Thursday, June 12, 2008

Internet or my left arm?

Sometimes I think I’d rather lose my left arm than the internet. I know, that’s extreme, but both of my jobs are centered here .. and my blogs ... and my hobbies ... and even some of my friends live only in my computer. A lot of you are people that I have never met face to face but have been a big part of my life for years. In fact, some of the first adoptive parents of special needs kids that I met over 11 years ago I met online first.

So my wireless network is messed up and my ISP is not exactly perfect, so we are having internet issues which I am trying to fix before I can begin my day (which is why my first post of the day is later than usual -- not because I was swept away in the tornado, in case some of you were worried).

Last night we had that storm you know, so I started reading a book that I’m not sure I’m ready to share with everyone yet. I had heard the author interviewed and was intrigued, but it isn’t exactly my kind of book, so I’ll have to see as I get farther into it if I recommend it or not. Bart had promised everyone who tried everything on the table at supper, including the spinach strawberry salad (we’re trying to eat healthier for everyone here) that he would take them out for a treat. Now, I realize that that is a little counter productive, but at least they are trying new foods.

So he took two trips with half of the kids who were here in each trip to Cold Stone Creamery the first time and then to Culvers the second time. I didn’t ask him why he went to two different places, but it very well might have been the embarrassment factor.

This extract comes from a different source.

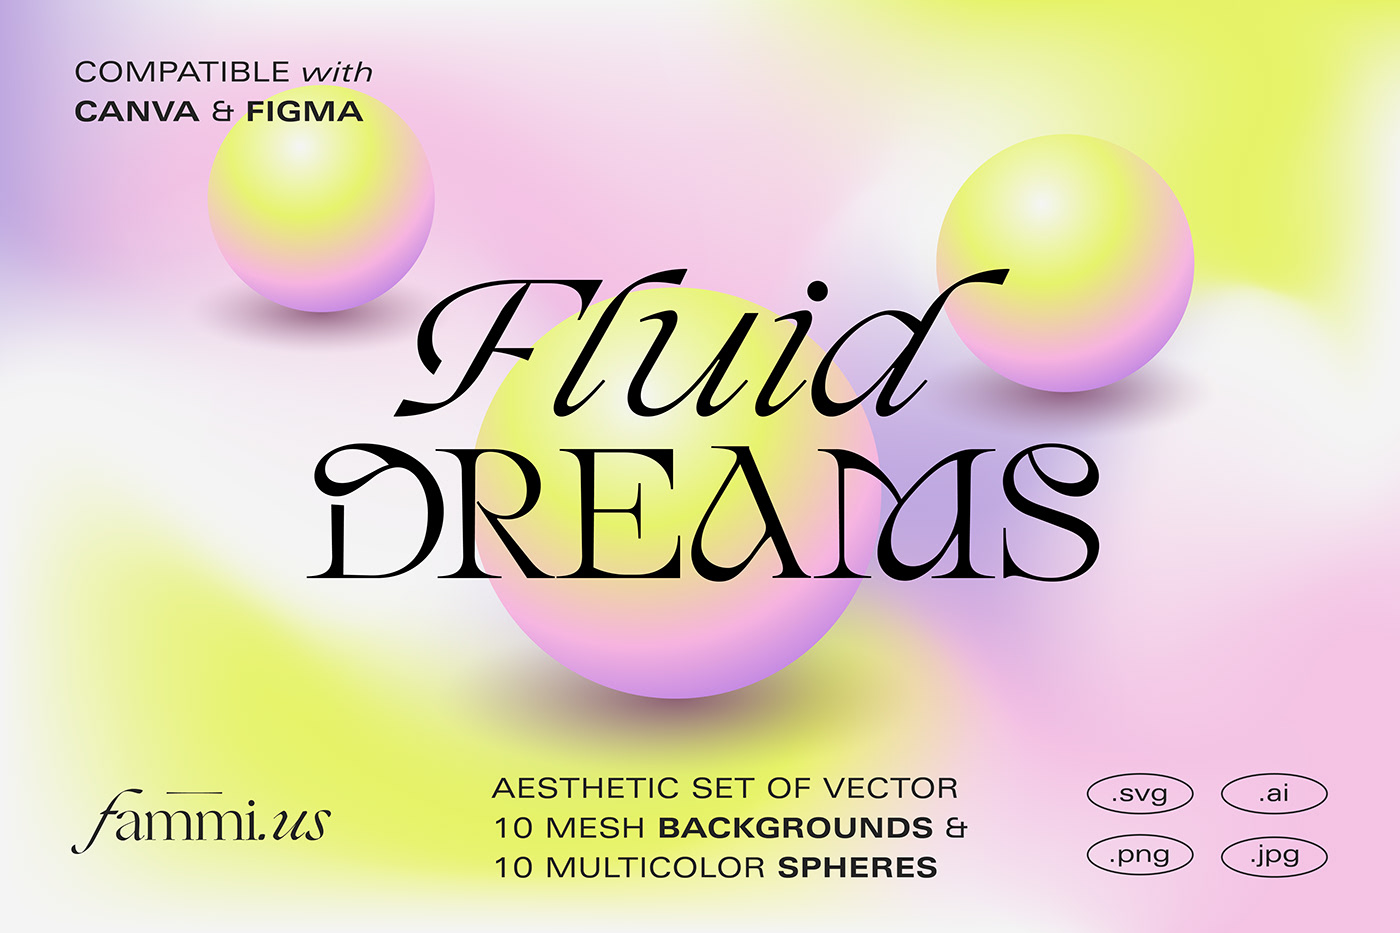 Fluid Dreams aesthetic set of vector mesh backgrounds and multicolor spheres

Ahh. the update on how to deal with Salinda and what I chose to do. I chose to ignore her and hope that she would come back I figured she would want something soon enough and I don’t let kids have something from me (a ride, money (even if they have earned it, permission, etc.) until they work through whatever issue we have between us for that nanosecond. Sometimes I expect an apology, but usually I just expect resolution to whatever we were discussing when they had their meltdown and either screamed and stormed away or silently sulked off.

So within a few minutes she had done what she needed to do around the house and was back for a more civil conclusion of the conversation, forcing herself to be decent long enough to satisfy me and get her ride. But that’s all I ask for. It’s a life skill they have to learn. Even when you don’t FEEL like it, sometimes you have to be decent in order to get what you want. It may be perceived as manipulation by some, but really, it’s what we all do all the time.

This morning I went to the Y. And I know you all don’t like my guessing games, but for the next couple hours I’ll let people guess who went with Sadie and I. Knowing my kids, guess which one wanted to come? And no, it isn’t the most likely -- maybe one of the least likely to ask to come along. At noon I’ll blog who it was and tell you about how of the three of us did on our workout.

So, who went with me? You can guess between now and 12 noon my time. Then I’ll let the secret out of the bag so to speak.